_WORK ORDER:_ Transcribe the entries below word for word, beginning at the line with "Blancpain Fifty Fathoms" and stopping after the line with "Fuchsia and Blue"; drop all pictures.

_RECORDS FOR PROCESSING:_
================

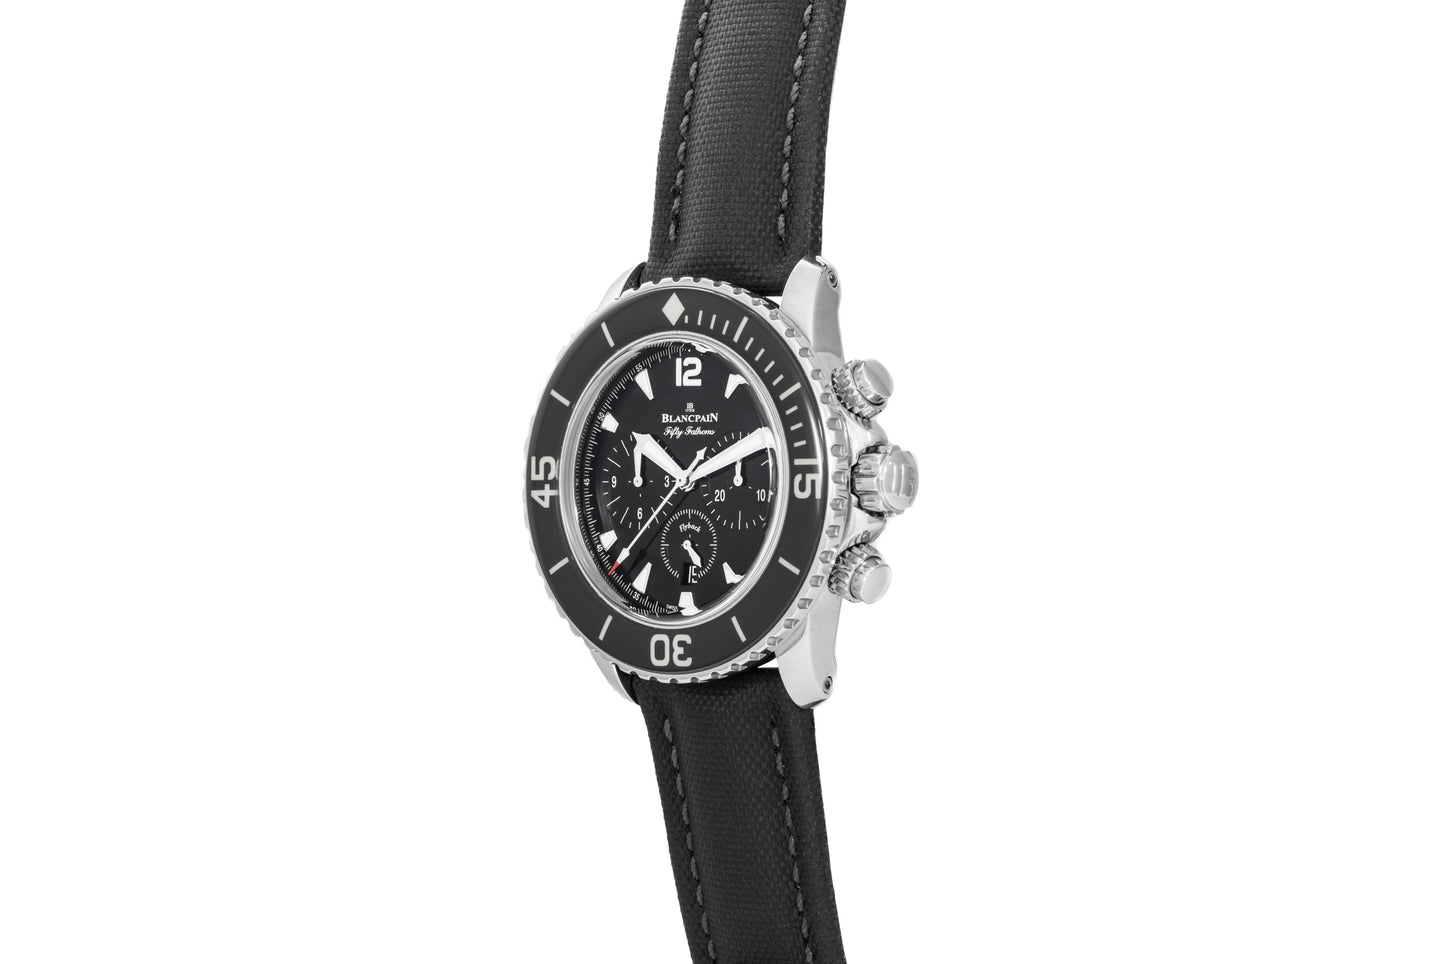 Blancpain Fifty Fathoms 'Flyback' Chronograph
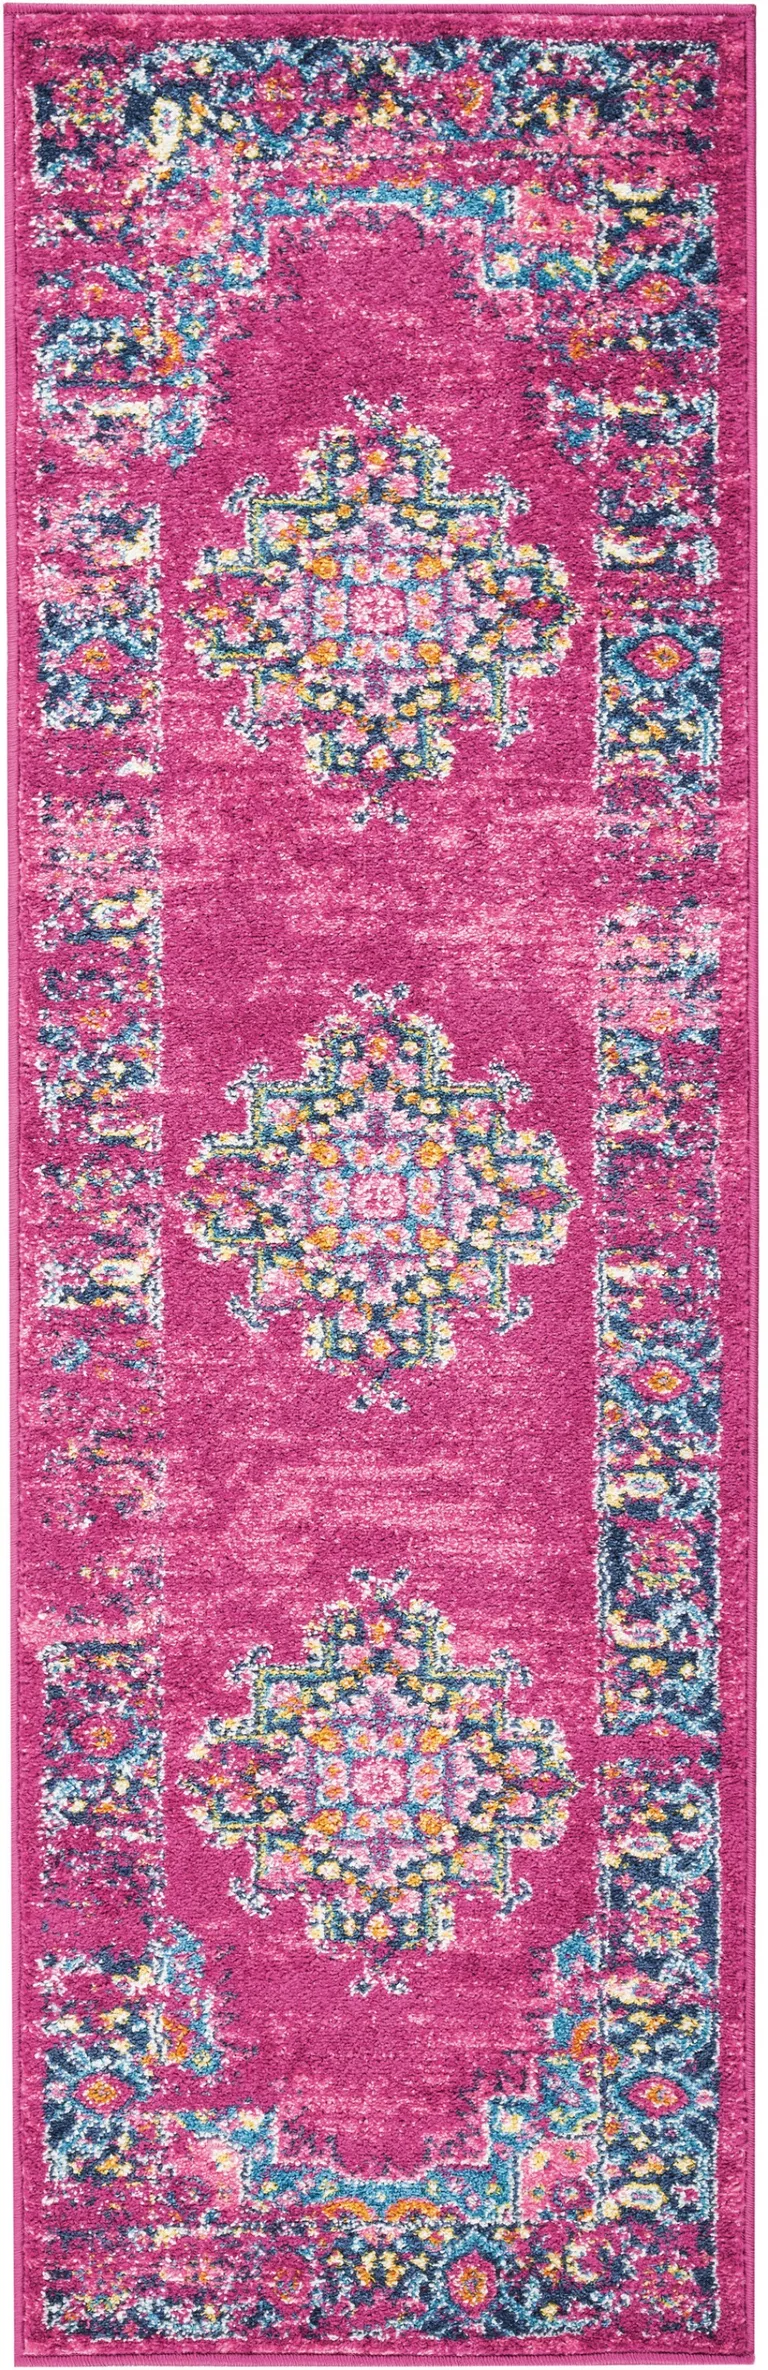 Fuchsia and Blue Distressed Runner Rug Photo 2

================

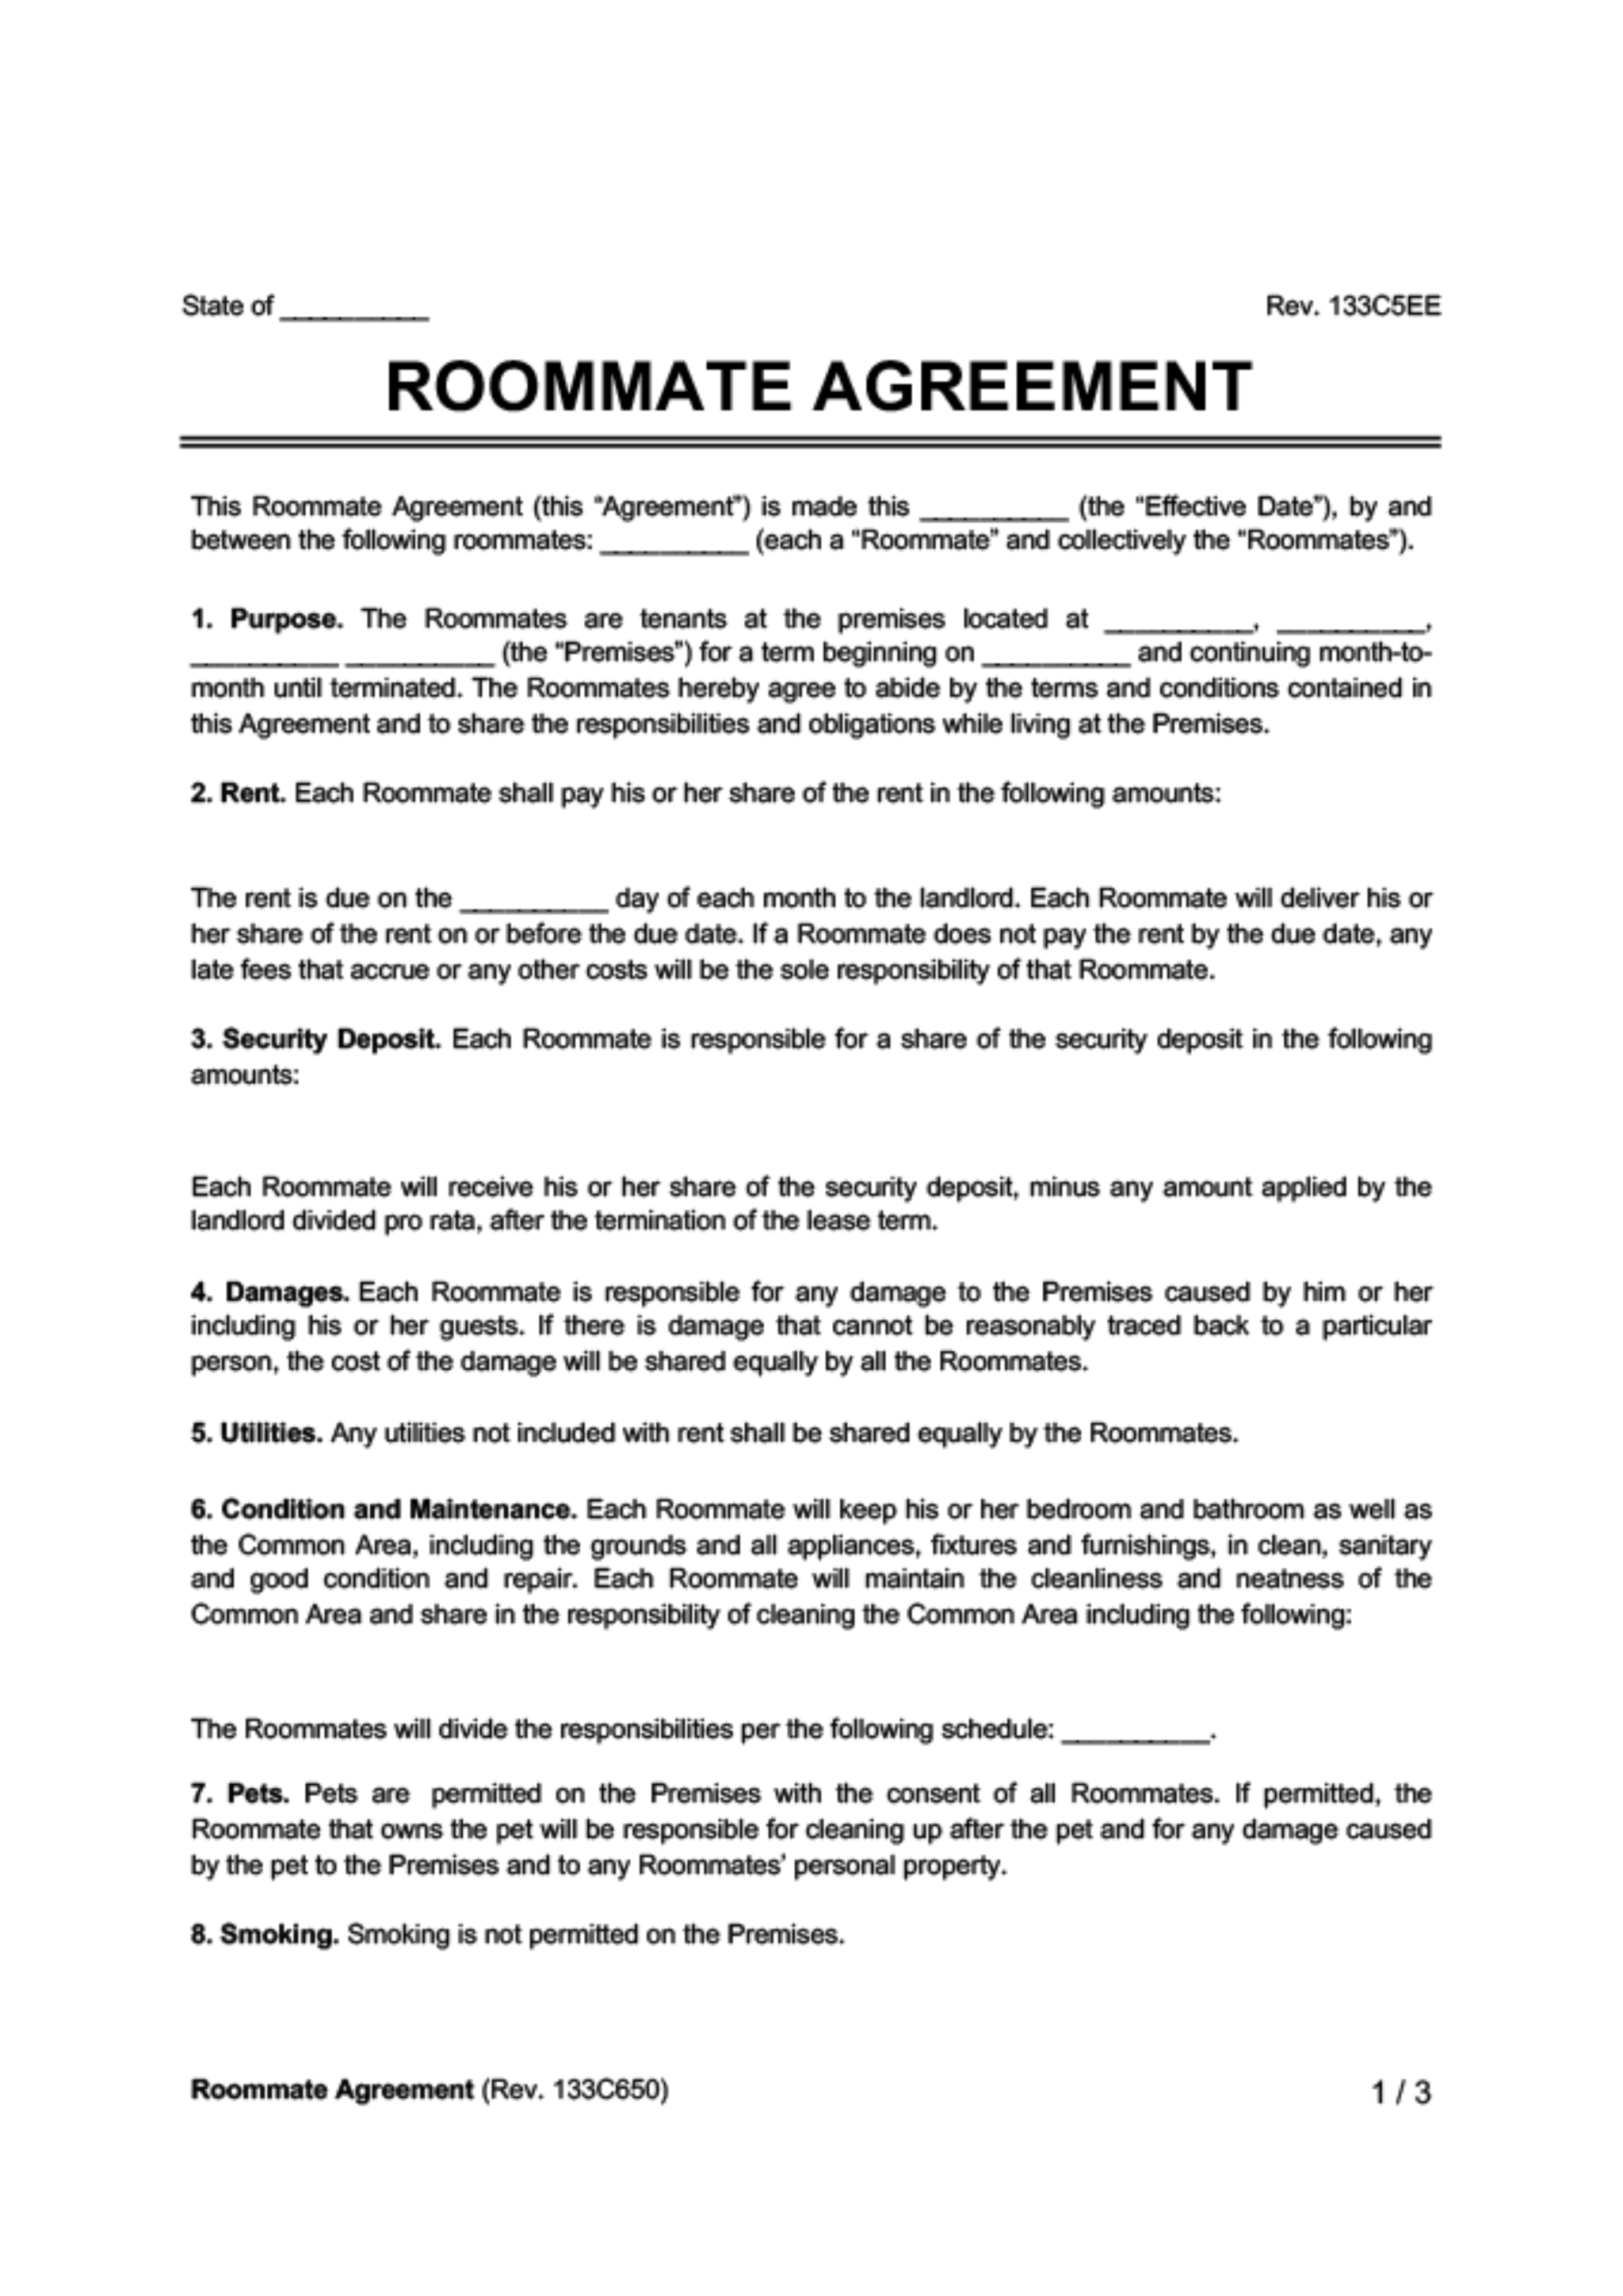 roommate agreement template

================

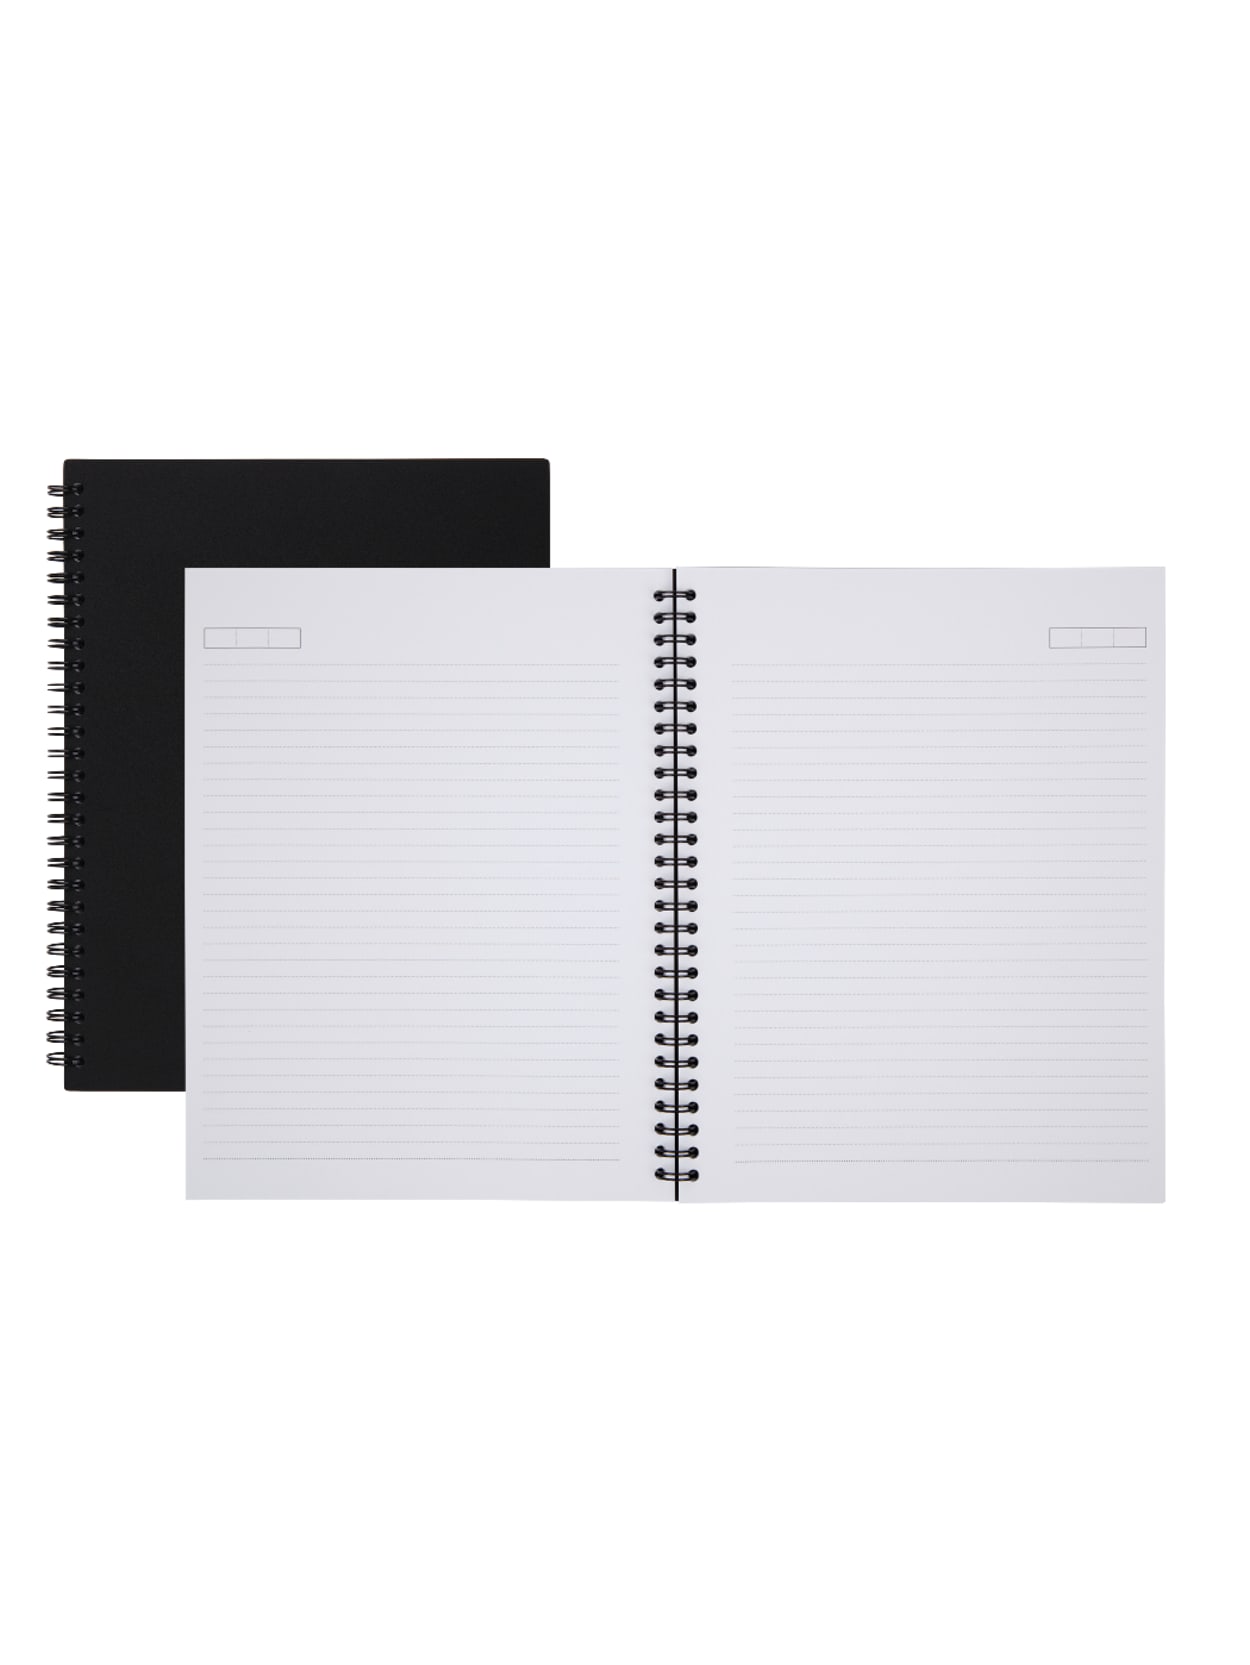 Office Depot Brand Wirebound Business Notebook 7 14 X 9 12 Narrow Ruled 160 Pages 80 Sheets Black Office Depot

================

_RESPONSE AREA:_
 Blancpain Fifty Fathoms 'Flyback' Chronograph
 Fuchsia and Blue Distressed Runner Rug Photo 2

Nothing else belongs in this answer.